On the other hand, let $V=\operatorname{rng}(f)$, then $\mathbb R$ is a countable union of copies of $V$, namely $\bigcup_{q\in\mathbb Q}q+V$. Therefore $|V|\cdot\aleph_0=2^{\aleph_0}$. Again, using the axiom of choice, we have that $2^{\aleph_0}=|V|\cdot\aleph_0=\max\{|V|,\aleph_0\}=|V|$.

Answer 3

Remark: This answers the original version of the question.

The following bijection uses Hilbert's infinite hotel.

The rationals can be enumerated as $q_0,q_1,q_2,\dots$ in various explicit ways.

Define $f: \mathbb{R}\to \mathbb{R}\setminus \mathbb{Q}$ as follows.

If $x$ does not have shape $q$, or $\sqrt{3}+q\sqrt{2}$, where $q$ is rational, let $f(x)=x$.

If $x$ is the rational $q_i$, let $f(x)=\sqrt{3}+q_{2i}\sqrt{2}$.

If $x=\sqrt{3}+q_i\sqrt{2}$, let $f(x)=\sqrt{3}+q_{2i+1}\sqrt{2}$.

Answer 4

$\mathbb{R}= (\mathbb{R} \backslash \mathbb{Q}) \sqcup \mathbb{Q}$, where $\mathbb{Q}$ is countable and $\mathbb{R} \backslash \mathbb{Q}$ infinite, so $$|\mathbb{R}|= |\mathbb{R} \backslash \mathbb{Q} | + | \mathbb{Q}|= \max ( |\mathbb{R} \backslash \mathbb{Q} |, |\mathbb{Q}|) = |\mathbb{R} \backslash \mathbb{Q} |$$

Answer 5

$\mathbb{R}/\mathbb{Q}$ and $\mathbb{R}$ are both size continuum. So by assuming as vector spaces over the $\mathbb{Q}$ they must have continuum size bases. We know that if two vector spaces have bases of the same size then they are isomorphic.

Answer 6

Well, heuristically it can go as follows.

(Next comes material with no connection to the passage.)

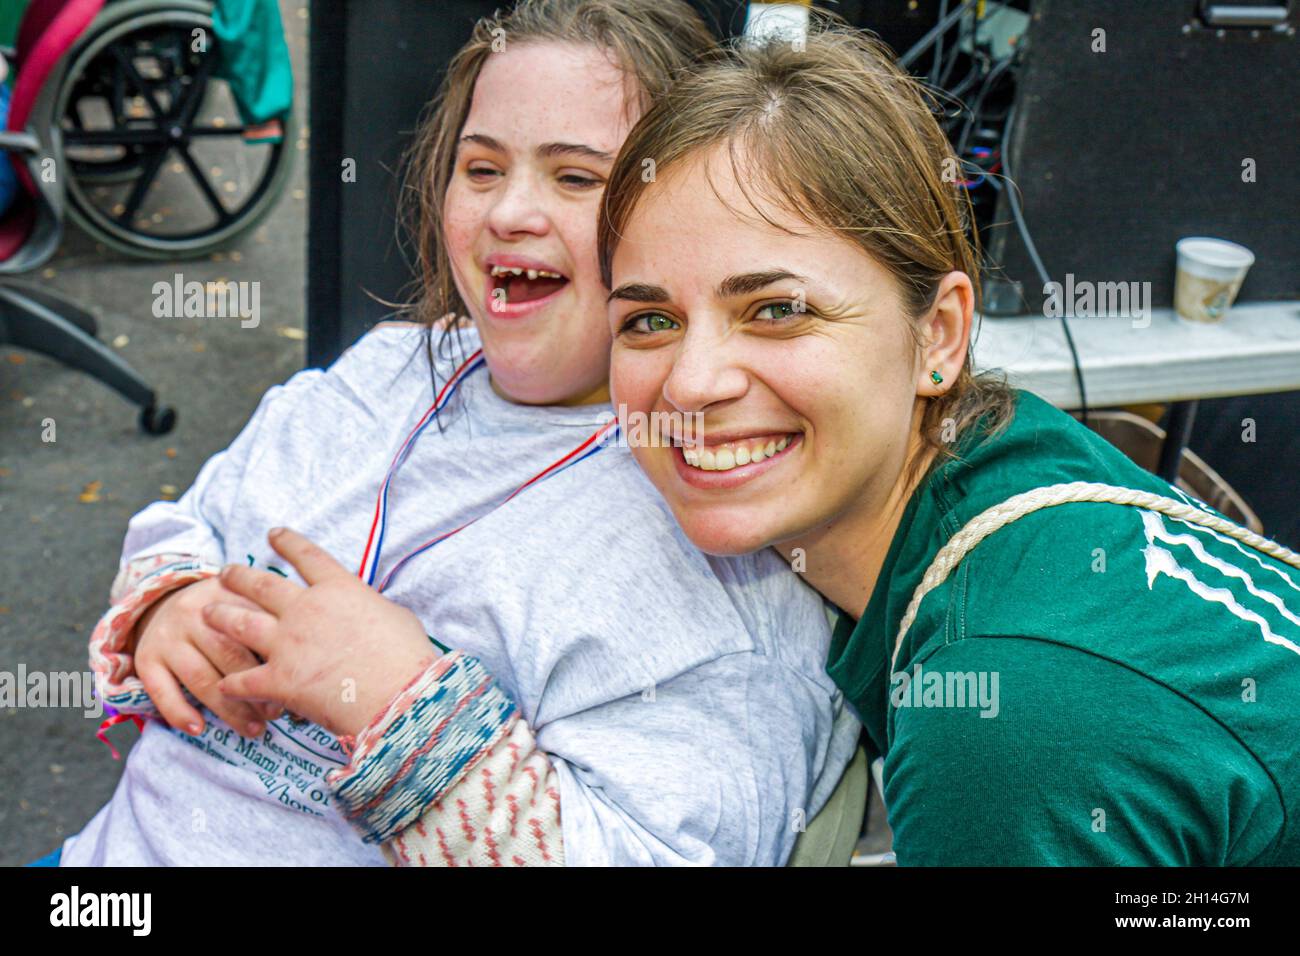 Miami Florida,sviluppato sfidato mentalmente disabili sindrome di Down,volontario donna ragazza teen teen teenager sorridente felice Foto Stock

We can easily construct a bijection between $\mathbb{N}$ and $\mathbb{N}-\{1\}$. Just send $n \rightarrow n+1$.

If we subtract one element $x_1$ from $\mathbb{R}$, we can decompose $\mathbb{R}$ as $(\mathbb{R}-\mathbb{N})\cup\mathbb{N}$, and $\mathbb{R}-\{x_0\}=(\mathbb{R}-\mathbb{N})\cup(\mathbb{N}-{x_0})$. And we apply the above trick to the latter part.

If we subtract countable elements, say, $x_i$ for all $i\in\mathbb{N}$, we can choose a countable familiy of subsets with cardinal equal to that of $\mathbb{N}$, each containing one of $x_i$. Now decompose $\mathbb{R}$ as a countable union and do as above and you will solve the problem.